Her eyes had grown wider at this speech. “I promise to consider it,” she said, and took a bite of cake, then another.

Nearly finished by the time we heard footsteps coming down the stairs, she wiped her mouth and stood up.

“Dr. Ravenswood,” she said as he walked in, her expression a question.

“You are right. He is worse. But I am confident of an eventual, full recovery. At present matters approach a crisis. The liver is much disordered.” I repressed a smile at the conviction with which Liam delivered this line.

“Should I write—if you were in my situation—that is, do you think it advisable to summon my sister and brothers, if there is the slightest danger that he—”

To my surprise, Liam reached out and touched her shoulder for an instant. “Ah, Miss Austen, how brave you are! You cannot carry all this alone. ’Twill be a comfort to have them here, will it not? Do not hesitate; write to them.”

“I shall, if you think it advisable, not alarmist. If you will excuse me, I shall do so at once.”

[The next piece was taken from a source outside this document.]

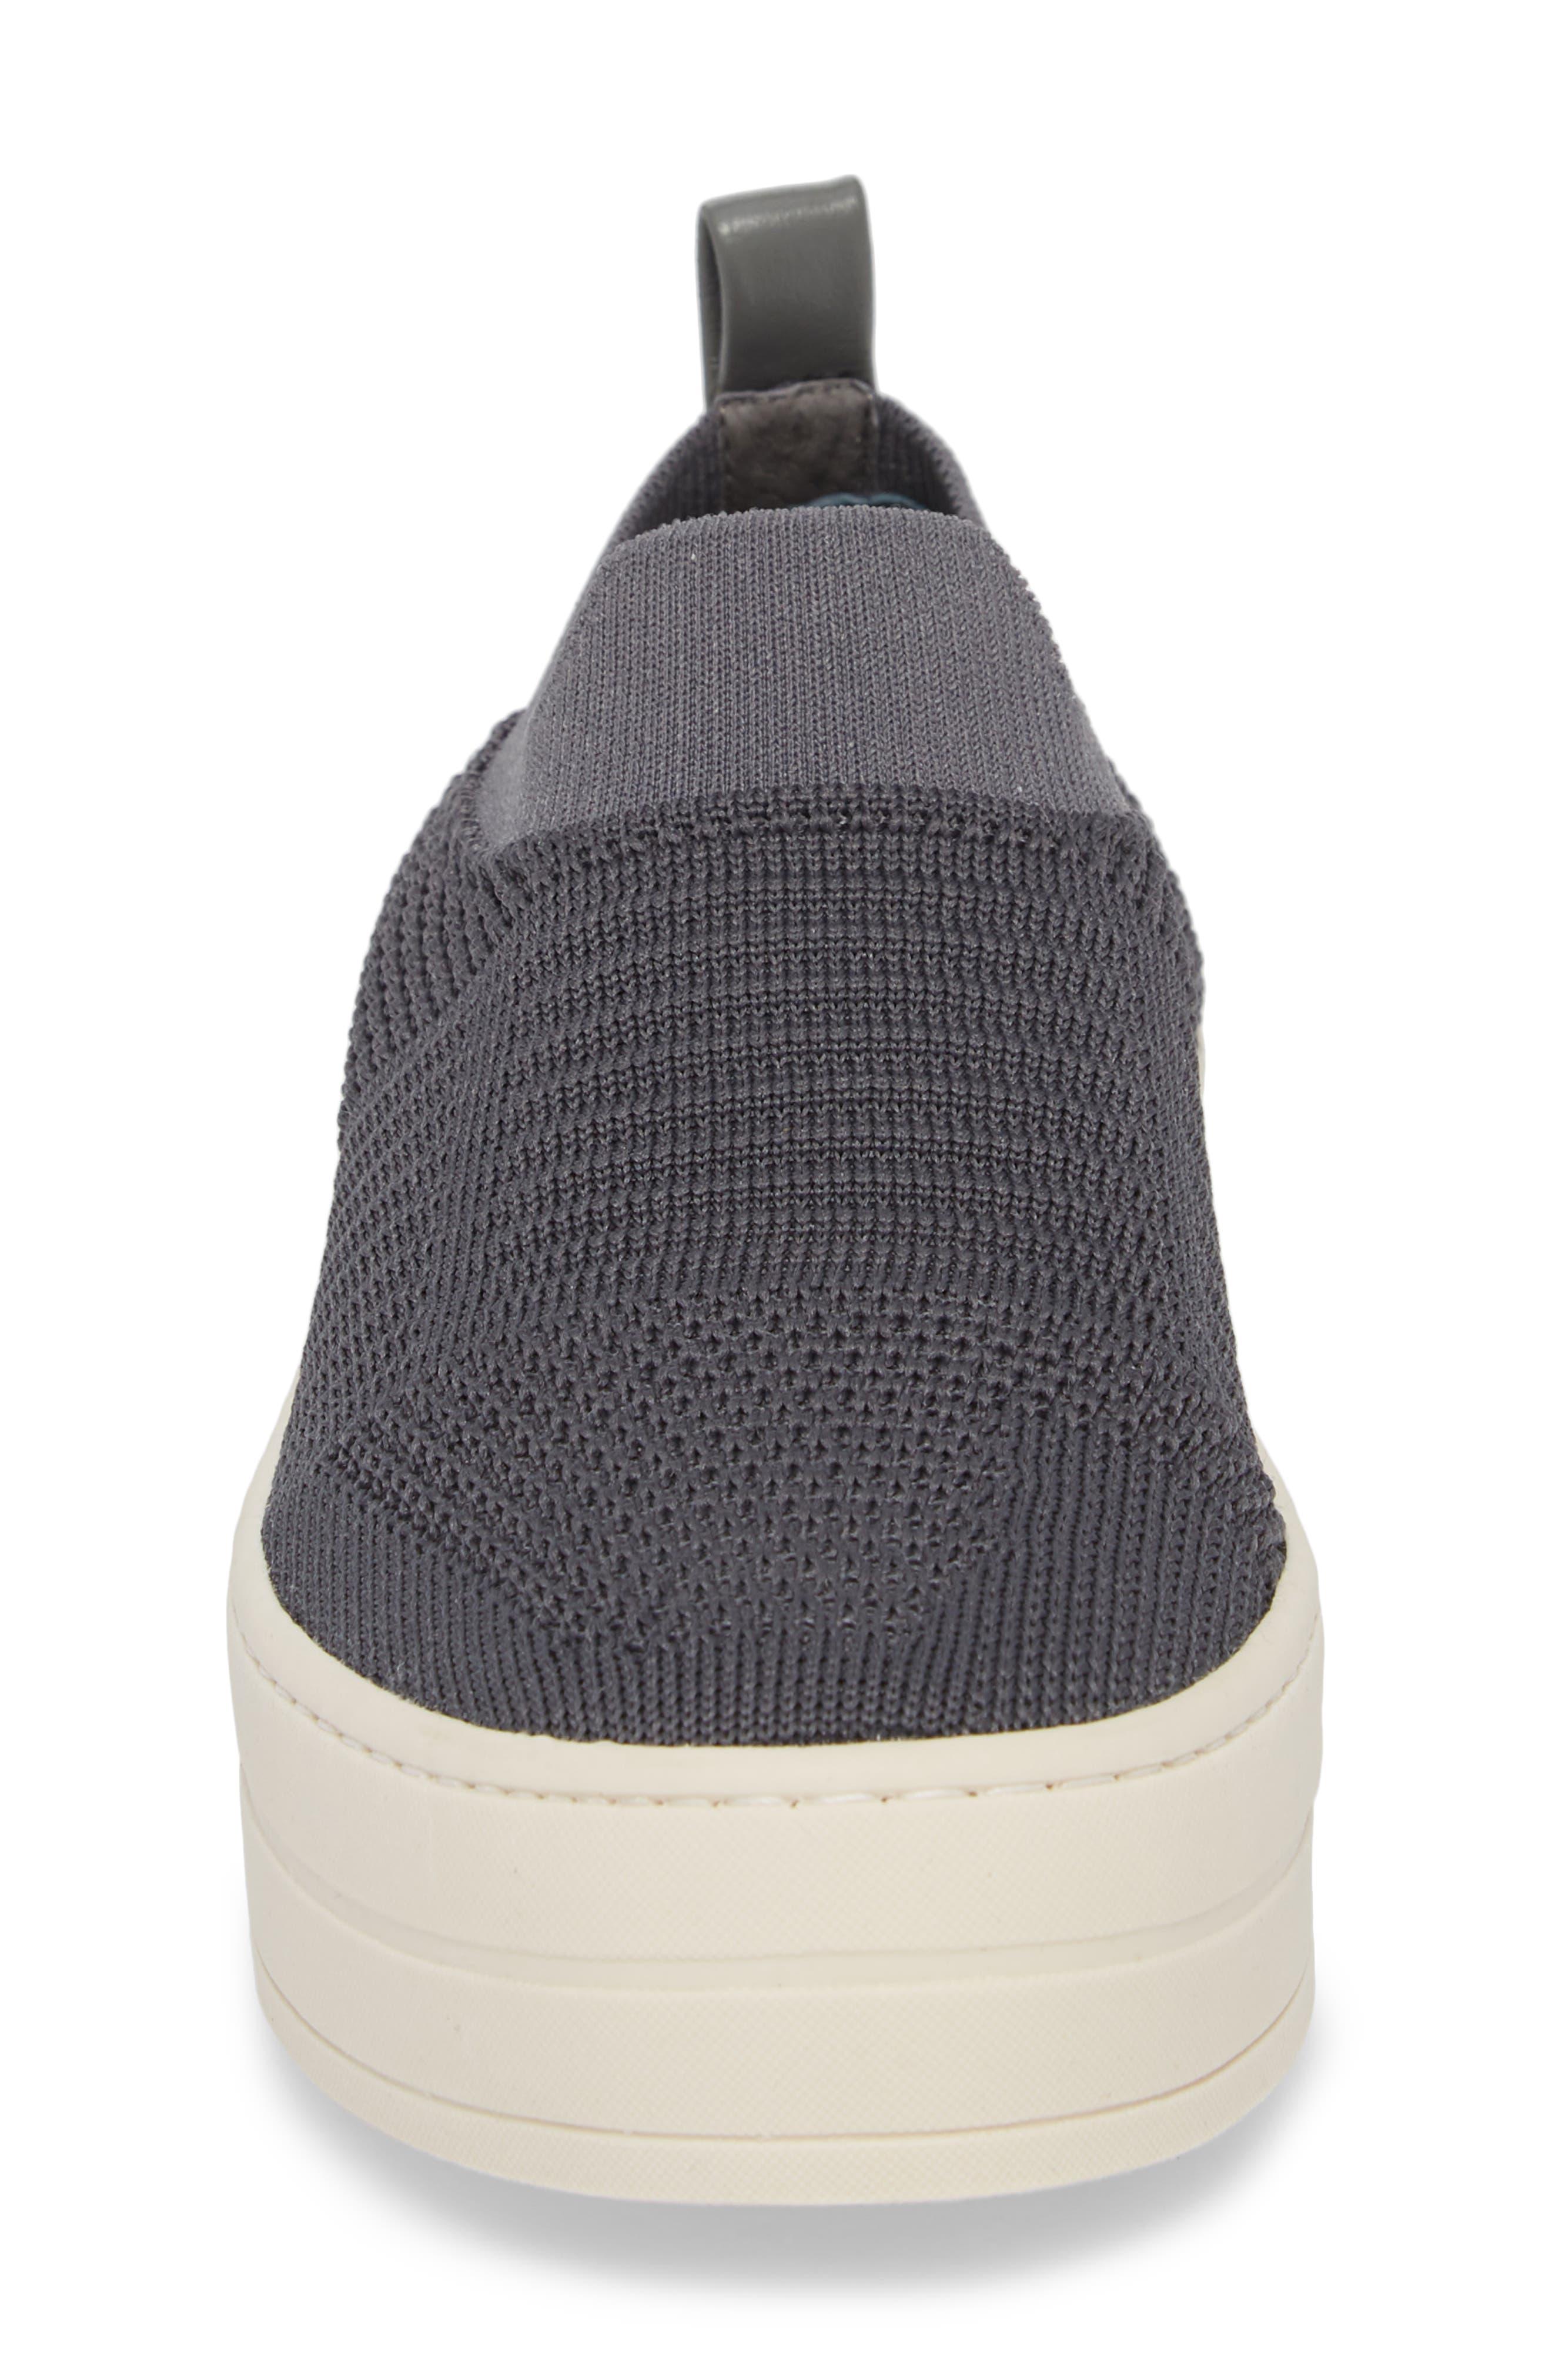 Hilo Platform Slip-On Sneaker,                             Alternate thumbnail 4, color,                             Grey Fabric

She went to the table, pulled up a chair, and sat down in front of her writing desk. I tried not to stare as she took out a new piece of paper, opened her ink bottle, examined two quills before choosing a third, dipped it, wrote a line, quick and sure, and stopped to look up at Liam. “Mr. Haden continues with Henry?”

“He will be down presently. We exchanged some thoughts on the case; he will share them with you. I do not want to impose; he is in command of your brother’s care. I merely seek to advise.”

I wished Liam would take command and put a stop to the bloodletting and doses of mercury; a doctor outranked an apothecary. But this answer seemed to please Jane, who gave him a look warmer than any she had ever given me as he continued: “And if there is anything, anything, I can do, do not hesitate to summon me, at any hour.” He bowed. “We leave you to your letters.”


“WELL?” I ASKED ONCE WE WERE HEADING HOME. WE HAD LEFT Wilcox behind again today, so we were free to talk.

“He looks like hell. Much more yellow. Complained of nausea and vomiting. He said he has kept down nothing but tea and barley water since that other night, when we saw him. And you will rejoice to hear that I got a look at his chamber pot.” He paused, as if hoping to increase my suspense. “Very dark urine.”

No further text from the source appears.